Nexus 300 i.e.

Die Gilera Nexus macht als 300 i.e. zwar weniger eine schlanke, doch eine beachtlich flotte Figur.

Gilera Nexus 300 i.e.

Zwischen Roller und Motorrad, zwischen Sportlichkeit und Pragmatismus, zwischen Vergangenheit und Gegenwart.
Demokratisch gehts zu im Piaggio-Konzern. Jeder (Roller-)Marke wird sukzessive der 278 ccm-Einzylinder mit knapp 22 PS zugeteilt. Heuer war Gilera an der Reihe: Im Nexus, der wie seine Brüder Runner & Co. bauartseitig näher am Motorrad als am Scooter liegt, wurde der 250 ccm-Antrieb durch den 300er-Quasar 4-Motor ersetzt. Zur hohen Transport- kommt damit eine würdige Antriebsleistung dazu.
Der Name Gilera stand einst für pfeilschnelle Rennmotorräder. Modellbezeichnungen wie Quattro Bulloni und Rondine sind vielleicht nur den altersmäßig fortgeschritteneren Eisenreitern ein Begriff, an die legendäre Saturno können sich möglicherweise auch die jüngeren erinnern. Die meisten aber sollten Namen wie Umberto Masetti, Geoff Duke, Libero Liberati, Manuel Poggiali, vor allem aber Marco Simoncello noch im Gedächtnis haben.

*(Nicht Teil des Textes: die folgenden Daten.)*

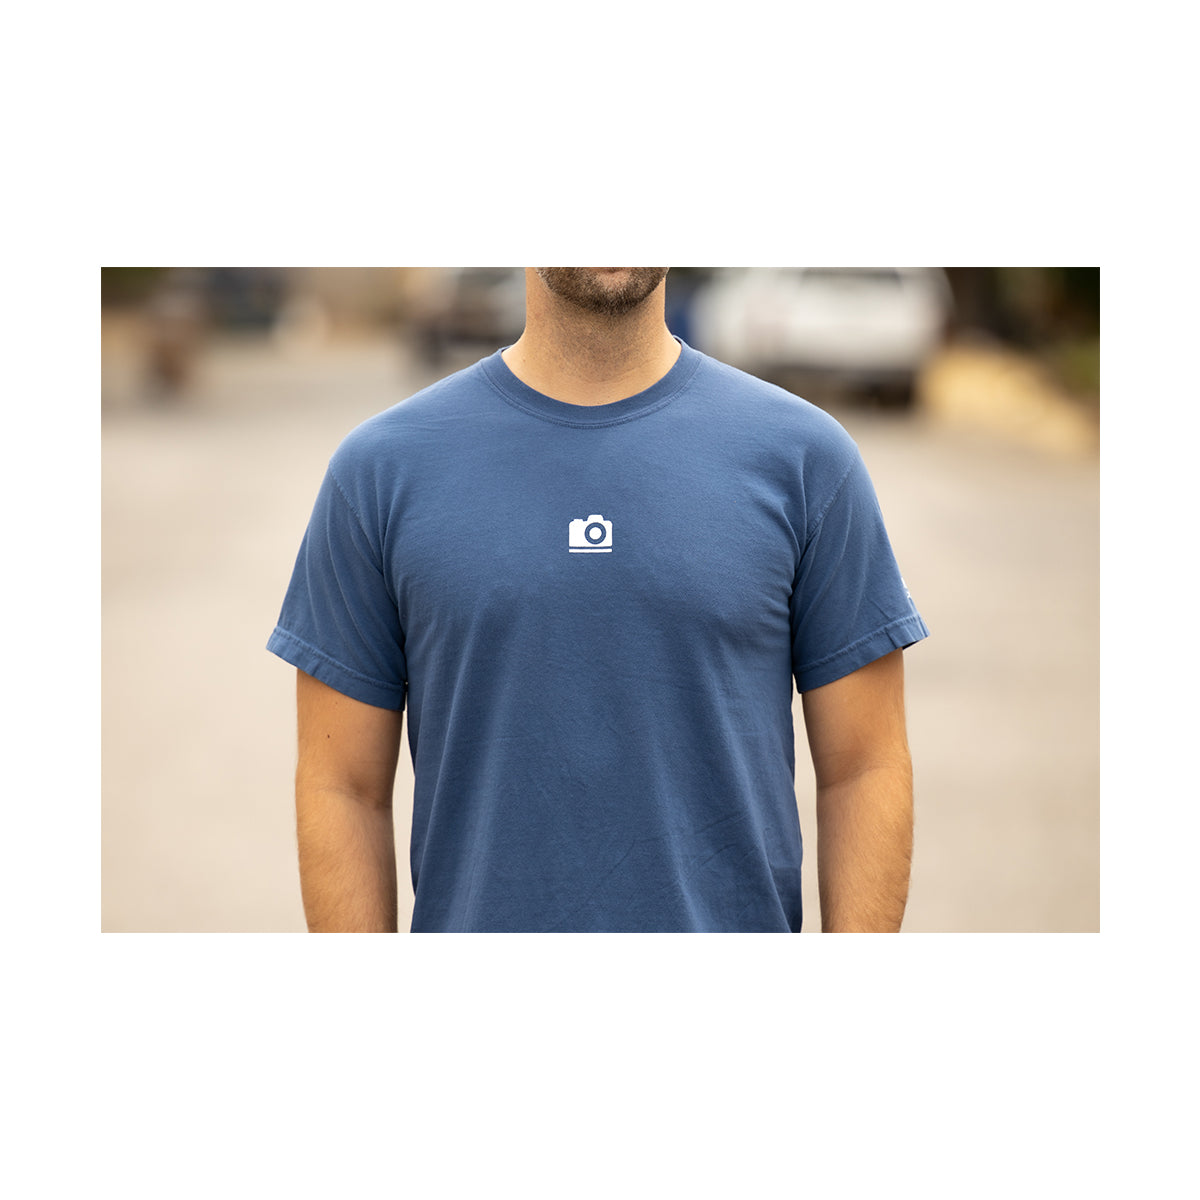 pictureline Apparel: Spring 2020 Short Sleeve Shirt Large (Blue)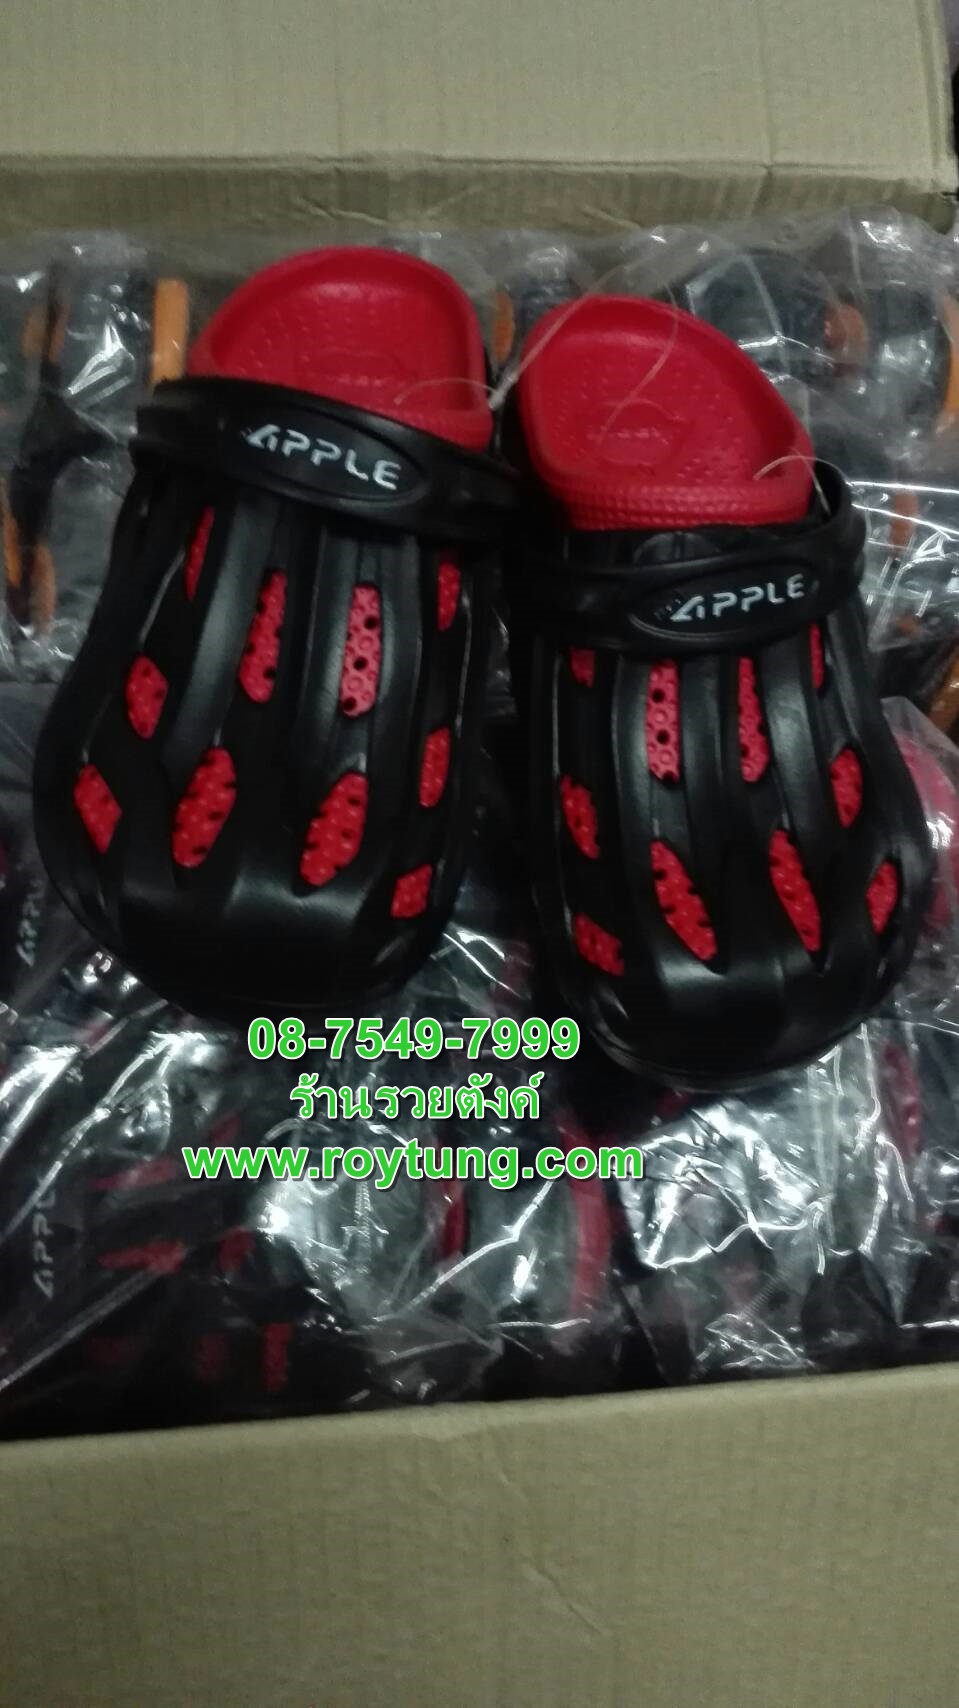 รูปภาพที่2 ของสินค้า : รองเท้าหัวโต คละสี คละไซต์ Red Apple ขายถูก

1909 gegründet, beendete die italienische Motorradschmiede 1957 nach 44 Weltmeister-Titeln das Renn-Engagement. Vorerst. 1969 stieg Gilera in den Piaggio-Konzern ein, man konzentrierte sich daraufhin mit der Produktion auf die kleine und die mittlere Klasse. Auch auf dem Enduro-Sektor, mit anfangs 350 und 500 ccm-Einzylindern, später mit einem 600er und auch einem 750er, mit denen auch bei der Rallye Paris-Dakar gewonnen wurde. Anfang der Neunziger des vergangenen Jahrhunderts stieg Gilera wieder ins Renn-Geschehen ein, 1992 und 1993 mischte man in der 250er-Weltmeisterschaft mit. Später, 2001, setzte es in der 125er-Klaase einen WM-Titel. Und nach der Integrierung von Aprilia in die Piaggio-Gruppe (2006) ritt Marco Simoncelli 2008 eine Gilera zum MotoGP-Titel in jener 250er-Klasse, die mit 2010 eingestellt wurde.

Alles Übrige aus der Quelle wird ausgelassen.